Afin de nourrir l’Europe en 2050, il faudrait plus de prairies et moins d’élevage intensif nous apprend une étude qui a voulu concilier les contraintes climatiques, les enjeux de la production agricole et agroalimentaire, et les préconisations de santé publique internationales.
Une étude réalisée par l’Institut du développement durable et des relations internationales (IDDRI), adossé à l’Institut d’Etudes Politiques (IEP) de Paris s’est penché sur al question de la production agricole européenne. En particulier sur l’enjeu de nourrir plus d’habitants de façon plus équilibrée, tout en réduisant les émissions de gaz à effet de serre du secteur agricole de 40% par rapport à 2010, comme le secteur s’est engagé à faire. Autrement dit, comment produire « mieux avec moins » ?
La question n’est pas anodine. Les chercheurs estiment en effet que les exploitations agricoles européennes devraient subir une baisser de rendement compris entre 10 et 50% en fonction des cultures. L’étude détaille plusieurs chantiers qui permettraient de concilier les contraintes climatiques, les enjeux de la production agricole et agroalimentaire, et les préconisations de santé publique internationales :
« En partant d’un régime alimentaire sain, basé sur les recommandations nutritionnelles en vigueur (EFSA, OMS et PNNS), tout en conservant des attributs culturels importants comme la consommation de produits animaux et de vin, la baisse de production modélisés dans le scénario (– 30 % sur les produits végétaux et – 46 % sur les produits animaux) permet de nourrir les Européens, y compris en consacrant une fraction élevée des surfaces à des infrastructures agroécologiques ».

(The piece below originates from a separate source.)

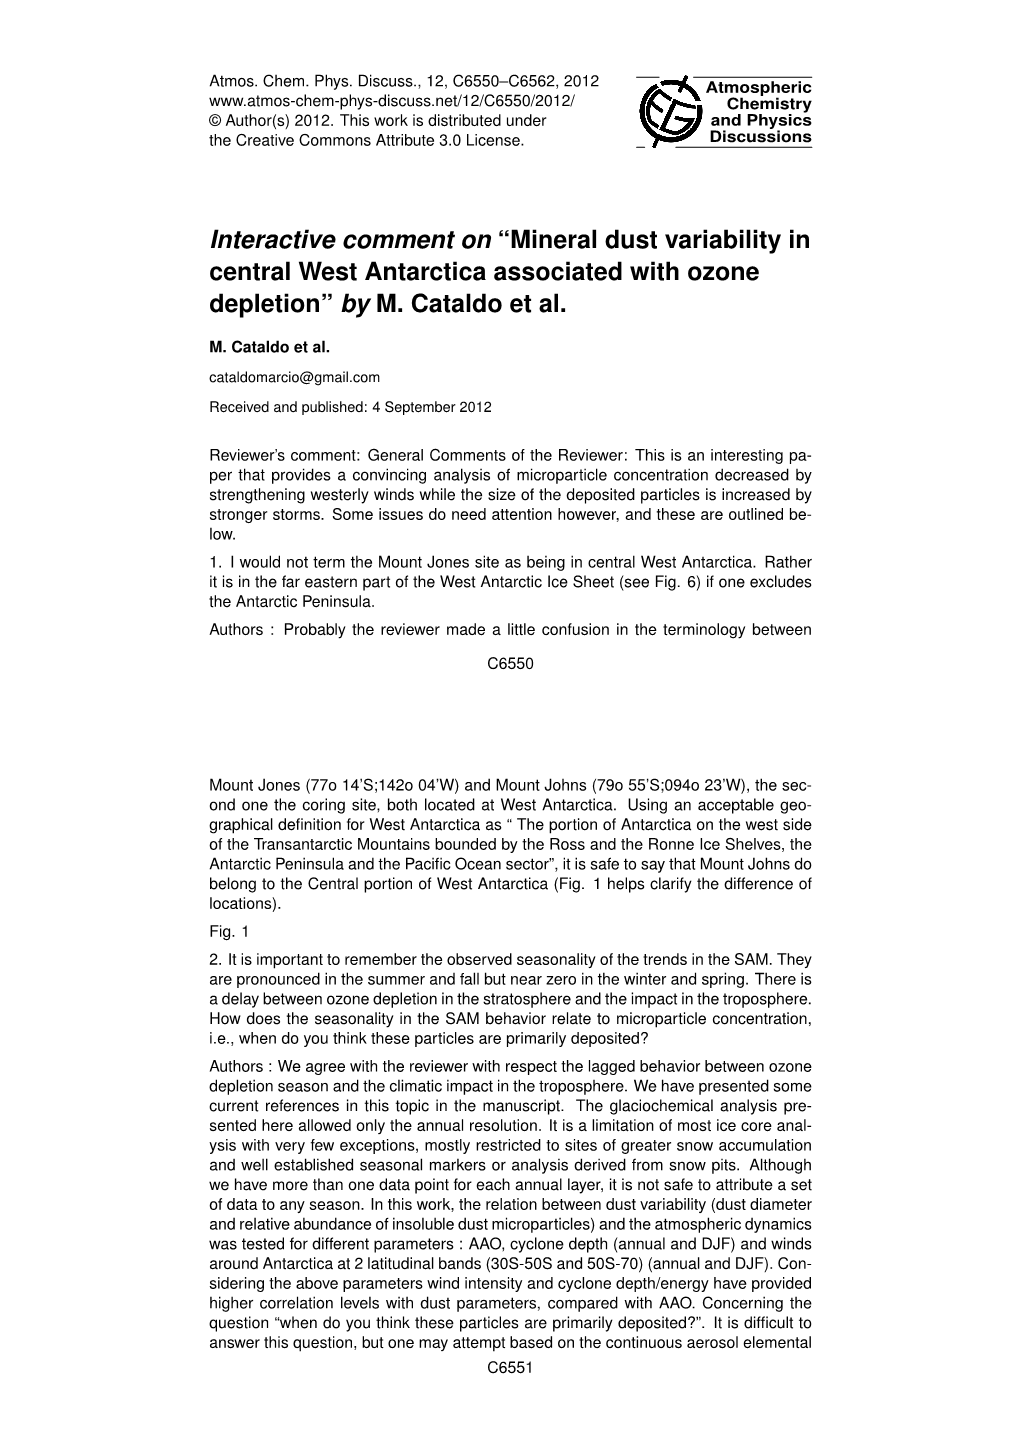 Mineral Dust Variability in Central West Antarctica Associated with Ozone Depletion” by M

Aussi, l’étude préconise une « agriculture sans intrants chimiques et comportant une fraction importante de prairies permanentes extensives et autres infrastructures agroécologiques (haies, arbres…) permet d’envisager de front la reconquête de la biodiversité, celle de la qualité des ressources naturelles, et une baisse des émissions ».
Xavier Poux et Pierre-Marie Aubert, coauteurs de l’étude, reconnaissent que l’agriculture européenne a amélioré sa production de gaz à effet de serre de 20% entre 1990 et 2015. Les eux hommes soulignent que le recours quasi-systématique aux intrants chimiques (pesticides et fertilisants de synthèse) n’est « pas durable » et renforce une érosion déjà « alarmante » de la biodiversité.
Ils pointent également du doigt le régime alimentaire actuel des populations européennes « trop riche et déséquilibré » contribuant au développement de l’obésité, du diabète et des maladies cardio-vasculaires. « Si l’on produit beaucoup en Europe, on mange également trop et de manière déséquilibrée par rapport aux recommandations nutritionnelles de l’autorité européenne de sécurité alimentaire (EFSA) et de l’Organisation mondiale de la santé (OMS) », note ainsi l’étude.
Dernier élément à corriger : un recours trop fréquent à l’élevage intensif. Une tendance particulièrement marquée chez les « granivores » nourris aux céréales, comme les porcs et les volailles, qui jouent indirectement un rôle non négligeable dans la déforestation au profit de surface agricole de masse.
Si cette étude propose des résultats probants, ces derniers demeurent « hors sol ». Aussi, la viabilité économique du système pour les agriculteurs à long terme n’a pas été envisagée secteur par secteur, de l’aveu même de ses auteurs. Ils estiment cependant qu’une Europe agroécologique dégagerait un excédent de production de haute qualité qui pourrait être exporté (20 % de la production laitière et des produits viticoles).